Now 100% skips, THAT could potentially be interesting, or maybe TODOs. But
then I don't necesarily know why it would be worthy of a different result
code.

        Is there metadata stored apart from these result codes? If so it
might be useful to just store the statistics on skips. Assuming this
database was searchable, it'd be easy to identify modules that could be
tested better by, say, sorting by % of tests skipped and then looking at the
top curplits' log output manually.

        That actually brings up another point: Currently testers.cpan.org
only provides verbose log output for failures. In cases like this, (or cases
where you're driving yourself mad trying to understand why platform X always
passes whereas platform Y which doesn't seem too different always fails),
it'd be handy for the module author to have access to full logs of the test
output for both passes *and* fails.

Yep. One of the general concepts is that we capture in as high a resolution as possible while we are inside the testing instance, and then do further analysis later, outside the testing instance.

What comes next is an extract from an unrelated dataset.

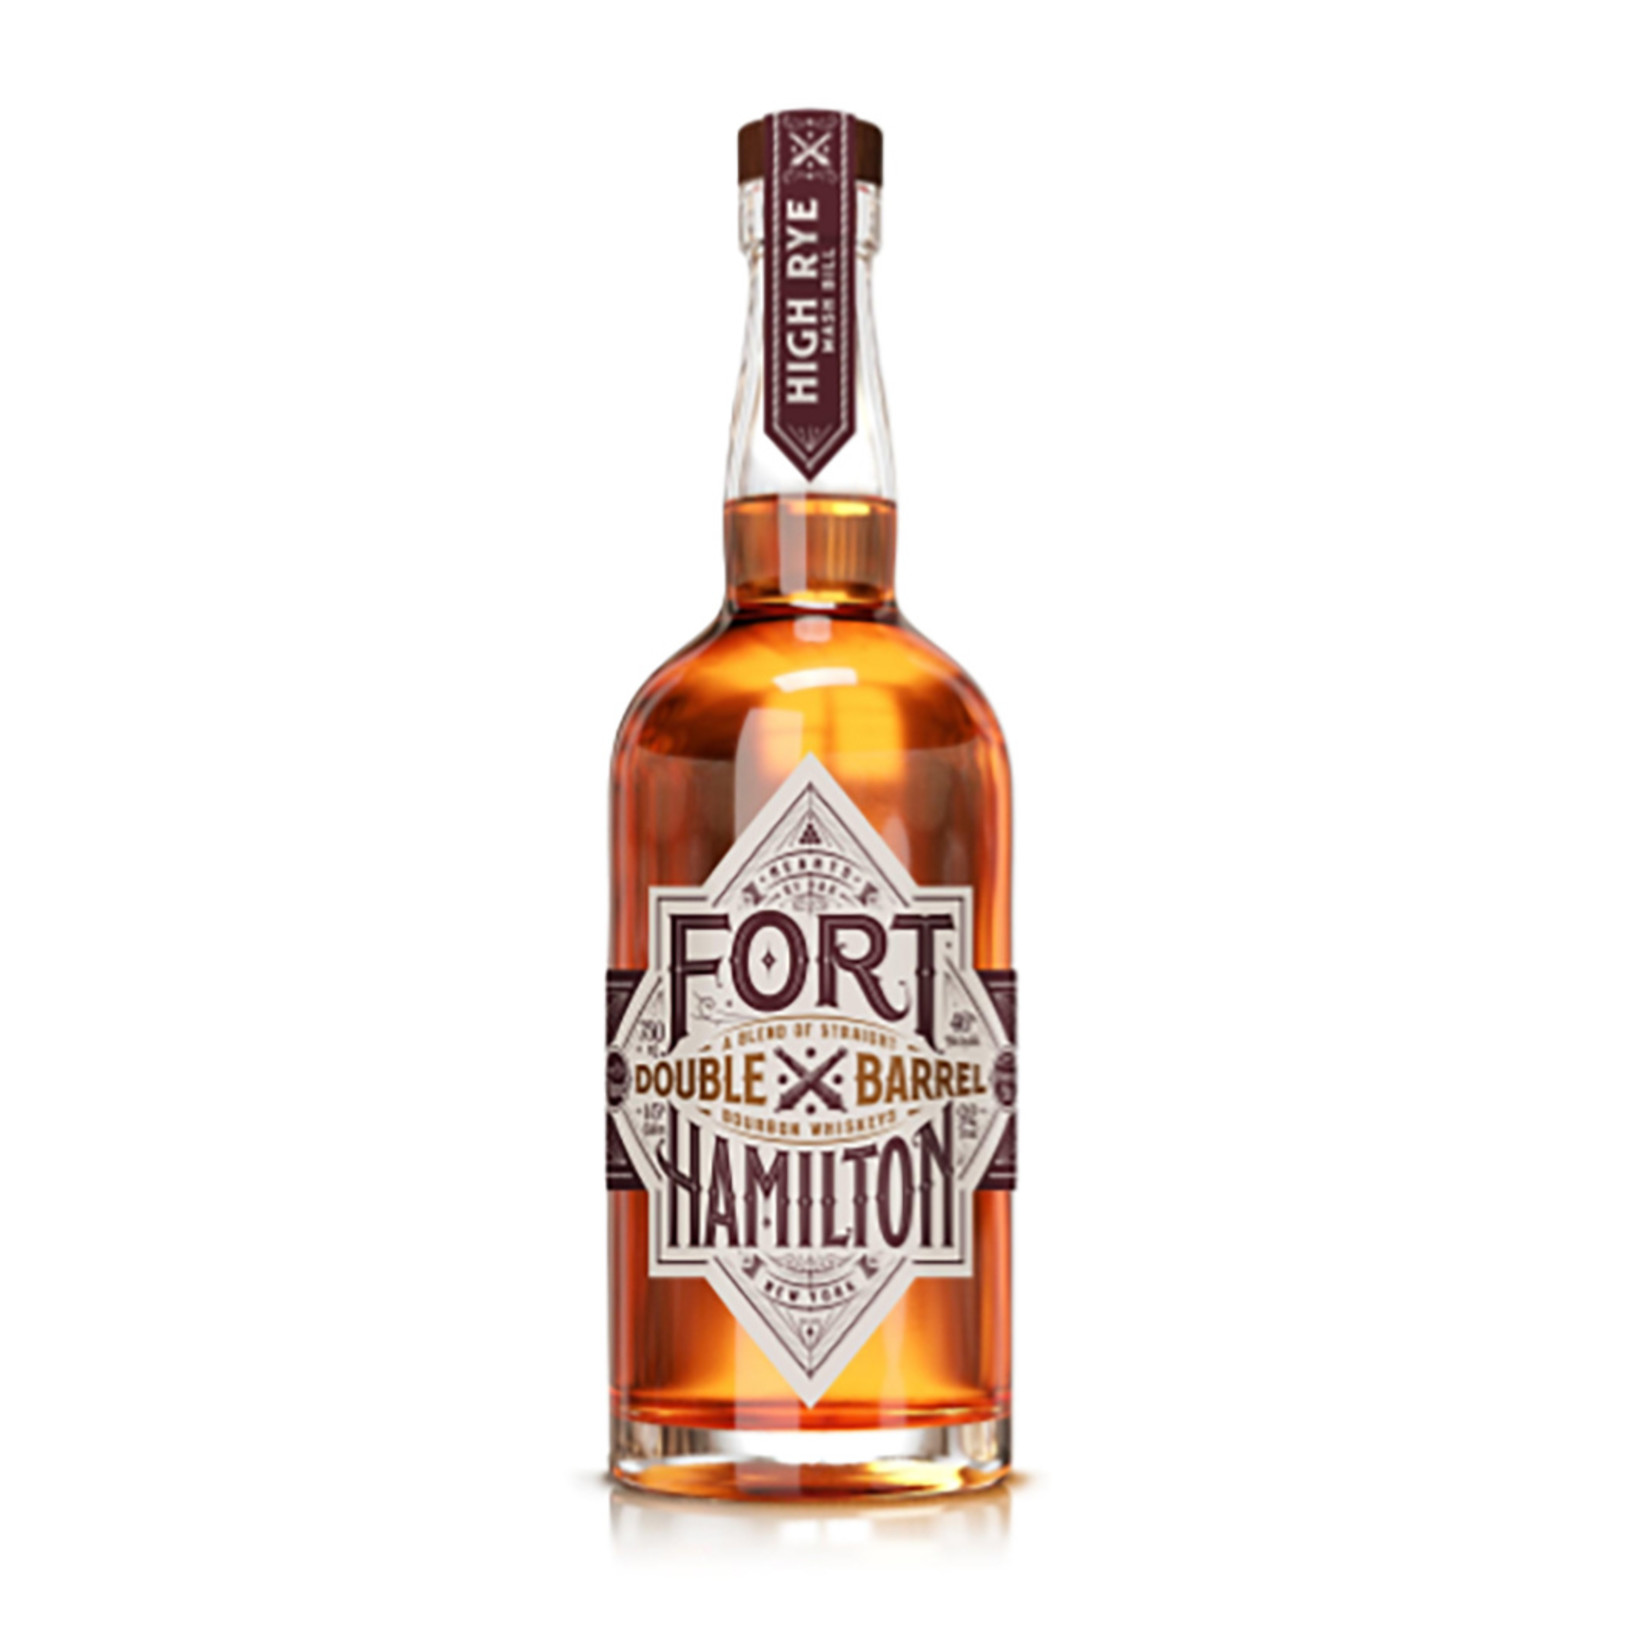 Fort Hamilton, Double Barrel Bourbon

So yes, you get the complete output of everything, in as much details as I can pull out. And analysis will (sort of) be pluggable or extendable in some way. No details or specifics on analysis yet, as it's not on the critical development path.

There will be ways to do what you want.

The second issue is that it has the potential to override the package
author. If the author felt that the tests weren't critical, and could be
skipped quite happily, who are we to make a call that he is wrong and that
it's a probably, or anything other than 100% ok.

        I'd still like such a thing to be visible in some way. Of course
you're going to happily skip tests that require a database if you don't have
DBI_DSN set.

Not necesarily... it all depends on how important it is to you. I see some potential cases where you'd rather abort the install if you can't do proper testing.